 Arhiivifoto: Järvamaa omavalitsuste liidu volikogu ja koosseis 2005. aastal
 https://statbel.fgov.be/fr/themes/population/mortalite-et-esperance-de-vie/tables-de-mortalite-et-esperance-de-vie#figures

==

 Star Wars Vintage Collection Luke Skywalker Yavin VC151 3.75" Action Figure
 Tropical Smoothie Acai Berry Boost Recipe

▶ **EXERCISE**
In the listing above, start at the line with "Star Wars Vintage", go on through the line with "Tropical Smoothie Acai Berry Boost Recipe", and copy each of those lines exactly; leave out all the rest.

▶ **RESPONSE AREA**
 Star Wars Vintage Collection Luke Skywalker Yavin VC151 3.75" Action Figure
 Tropical Smoothie Acai Berry Boost Recipe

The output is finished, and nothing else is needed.